MEMORANDUM****
Dejun Xu, a native and citizen of the People’s Republic of China, petitions for review of the Board of Immigration Appeals’ (“BIA”) decision affirming the immigration judge’s (“IJ”) denial of his application for asylum and withholding of deportation. The transitional rules apply and we have jurisdiction under 8 U.S.C. § 1105a(a). See Kalaw v. INS, 133 F.3d 1147, 1149-50 (9th Cir.1997). We review for substantial evidence and will reverse the BIA’s determination only if the evidence compels such a result. See Prasad v. INS, 47 F.3d 336, 339 (9th Cir.1995). *278We deny in part and dismiss in part the petition for review.
Substantial evidence supports the BIA’s determination that Xu failed to show that the incidents about which he testified amounted to persecution or that he has a well-founded fear of future persecution. See Nagoulko v. INS, 333 F.3d 1012, 1016-18 (9th Cir.2003). Xu’s testimony that he was on one occasion questioned by a police officer, was not harmed or threatened by this officer, was required to write three self-criticism essays, was monitored by his colleagues for approximately half a year, and was required to report once a month to a group leader for approximately two years, did not rise to the level of persecution. See id. at 1016-17 (explaining that persecution is an extreme concept; discrimination and harassment do not amount to persecution).
Xu failed to demonstrate a well-founded fear of future persecution because he failed to show past persecution, had been punished fifteen years ago for his role in the anti-government demonstrations, continued to be employed by the university in China for over two years before leaving for the United States, and obtained a passport without difficulties. See, e.g., Lata v. INS, 204 F.3d 1241, 1245 (9th Cir.2000) (alien’s fear undermined by two-year stay in country after incidents of harm); Rodriguez-Rivera v. INS, 848 F.2d 998, 1006 (9th Cir.1988) (alien’s fear of governmental persecution undermined by issuance of passport).
Because Xu failed to establish eligibility for asylum, he necessarily failed to meet the more stringent standard for withholding of deportation. See Prasad, 47 F.3d at 340.
We do not consider Xu’s claims regarding ineffective assistance of counsel and failure to receive a full and fair hearing before the IJ, because he did not raise these claims before the BIA and these “allegations of due process violations are exactly the sorts of procedural errors which require exhaustion.” Rashtabadi v. INS, 23 F.3d 1562, 1567 (9th Cir.1994).
We lack jurisdiction to consider Xu’s contention regarding relief under the Convention Against Torture because he did not raise this claim before the agency. See Ortiz v. INS, 179 F.3d 1148, 1152-53 (9th Cir.1999).

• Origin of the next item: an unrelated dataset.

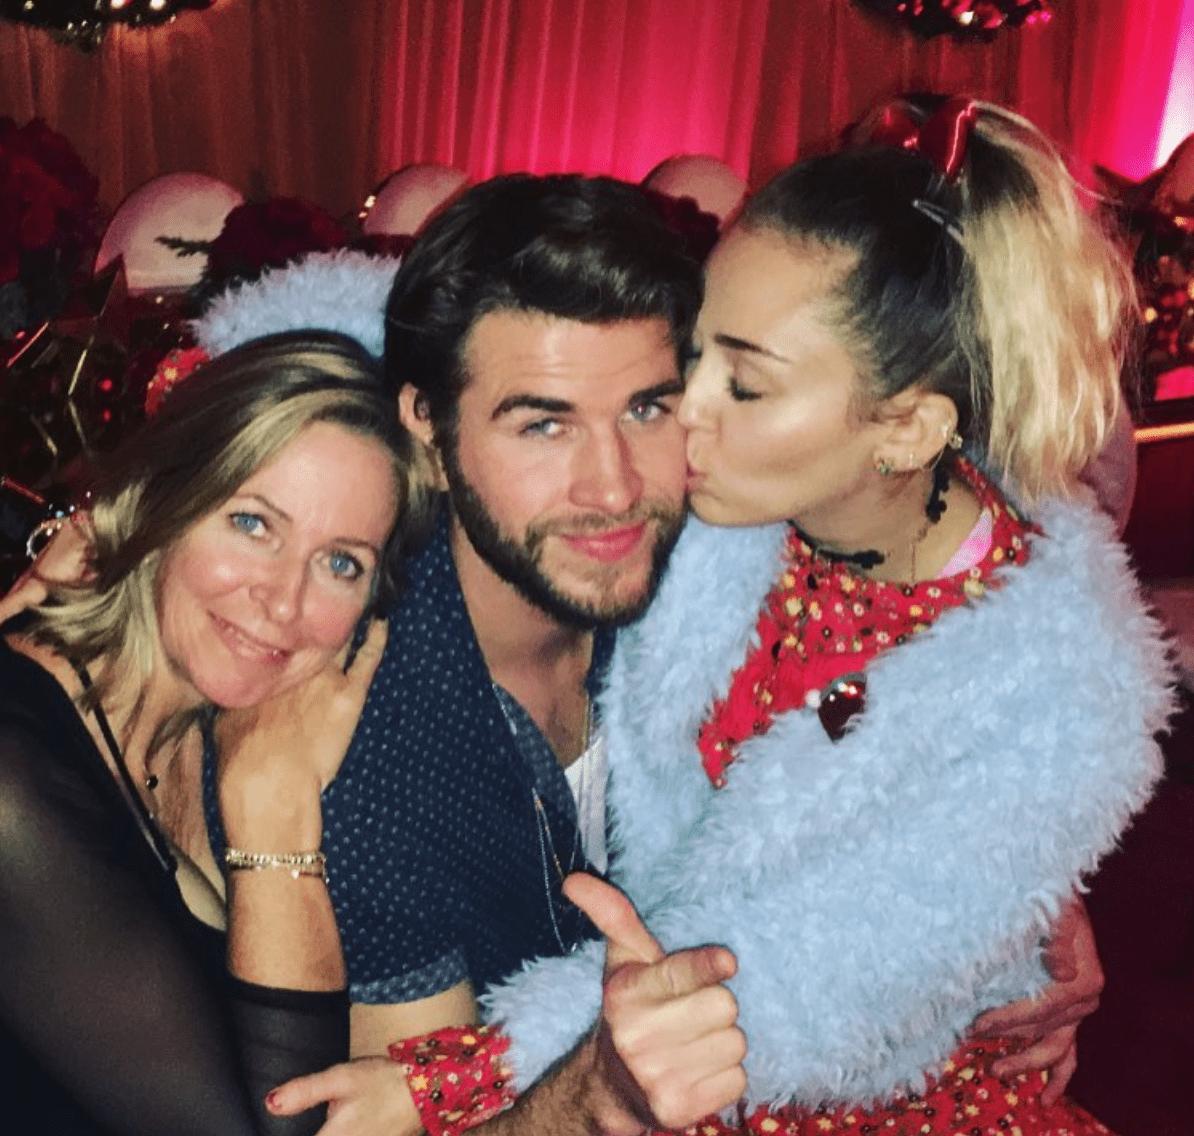 482afa3978c401 Miley Cyrus and Liam Hemsworth  wed six months ago  in secret ceremony

We lack jurisdiction to consider Xu’s contentions regarding changed circumstances because he failed to exhaust and the record does not contain a final order disposing of his motion to reopen. See Rashtabadi, 23 F.3d at 1567 (“Failure to raise an issue in an appeal to the BIA constitutes a failure to exhaust remedies with respect to that question and deprives this court of jurisdiction to hear the matter.”); Fisher v. INS, 79 F.3d 955, 963 (9th Cir.1996) (“The Act limits our review to the ‘administrative record upon which the deportation order is based and the Attorney General’s findings of fact.’ 8 U.S.C. § 1105a(a)(4).”).
Pursuant to Elian v. Ashcroft, 370 F.3d 897 (9th Cir.2004) (order), Xu’s voluntary departure period will begin to run upon issuance of this Court’s mandate.
PETITION FOR REVIEW DENIED in part, DISMISSED in part.
This disposition is not appropriate for publication and may not be cited to or by the courts of this circuit except as provided by Ninth Circuit Rule 36-3.